From here, it is very simple to generate a line graph:

```
plot = df.plot().get_figure()
plot.savefig('viz.png')
```

Interestingly, `math.pow()`

and `exponent`

mostly perform at the same rate, while our `multiply`

functions vary wildly. Unsurprisingly, the longer the multiplication chain, the longer it takes to execute.

While the crossover is interesting, this doesn’t show what happens at powers larger than 15. Going up through `1000`

, we get the following trend:

When we zoom in so that `math.pow()`

and `exponent`

are more pronounced, we see the same performance trend continue:

While using `**`

the time gradually increases, `math.pow()`

generally has executes at around the same speed.
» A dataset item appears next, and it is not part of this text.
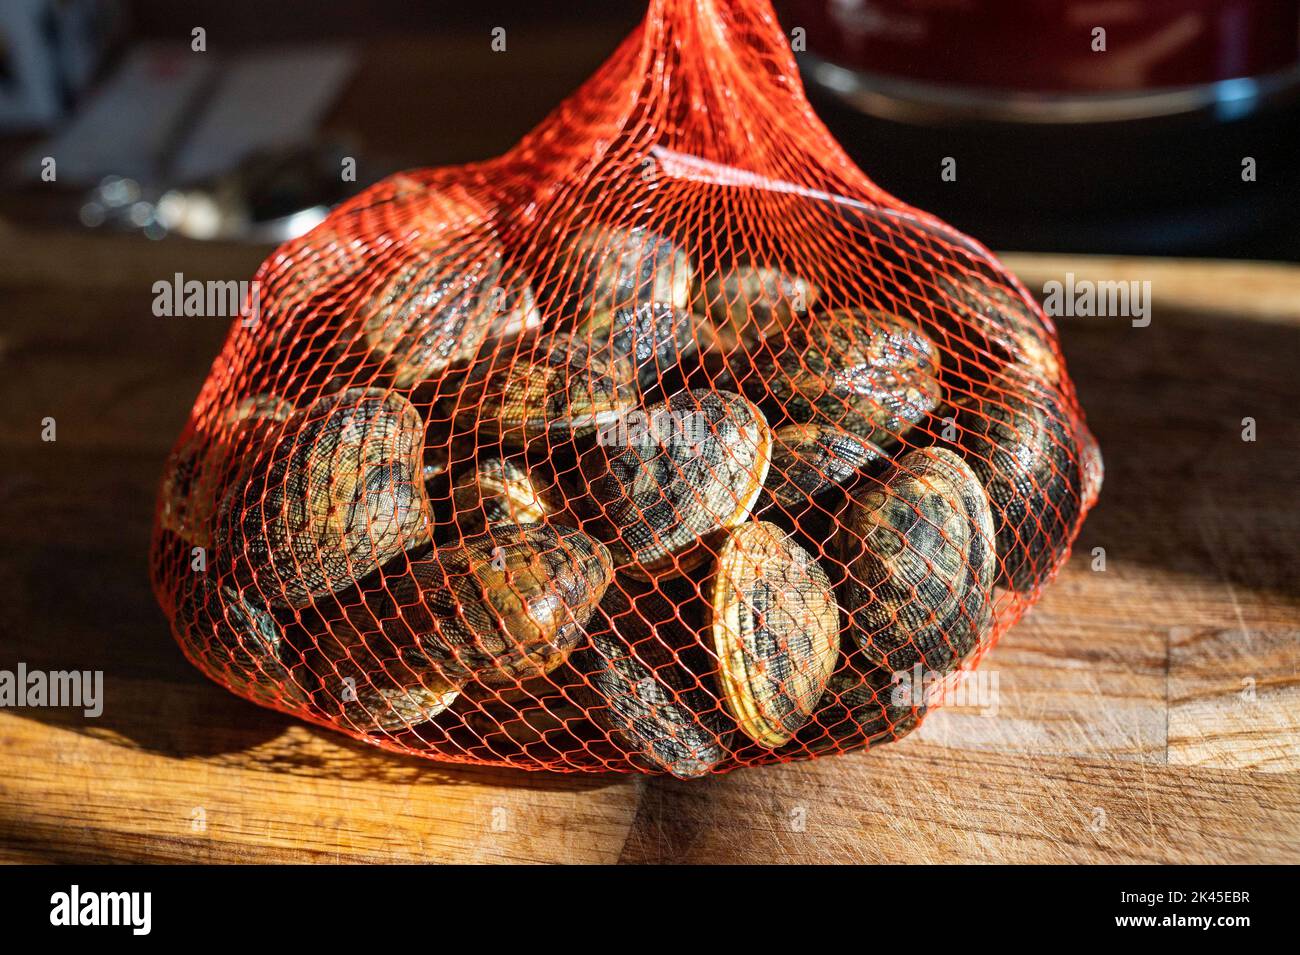 Bag of of fresh live clams ready for cooking  Photograph taken by Simon Dack Stock Photo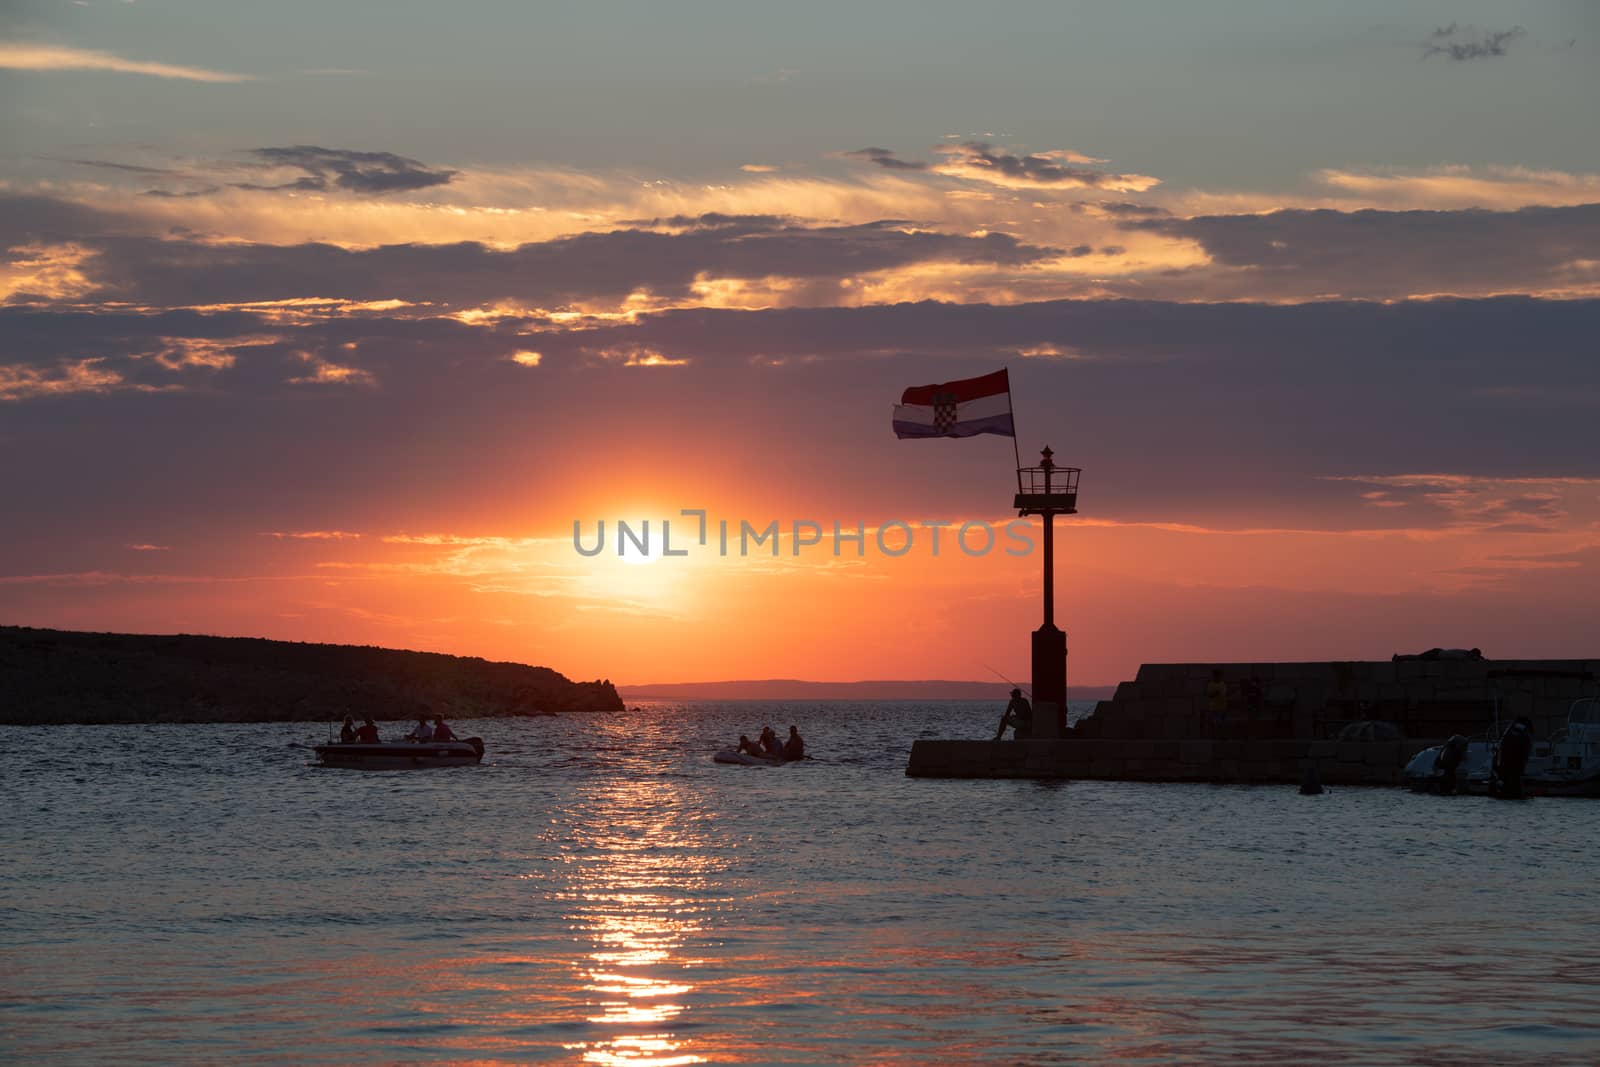 Croatian flag flying in wind at sunset in harbor, all people silhuetted and unrecognizable, small boats in front near lighthouse

When writing algorithms that use small exponents, here proved less than `15`

, it is faster to chain multiplication together than to use the `**`

exponentiation operator. Additionally, `math.pow()`

is more efficient than chained multiplication at powers larger than `5`

and always more efficient than the `**`

operator, so there is never a reason to use `**`

.

Additionally, this is also true in JavaScript^{4}. Thanks @juliancoleman for this comparison!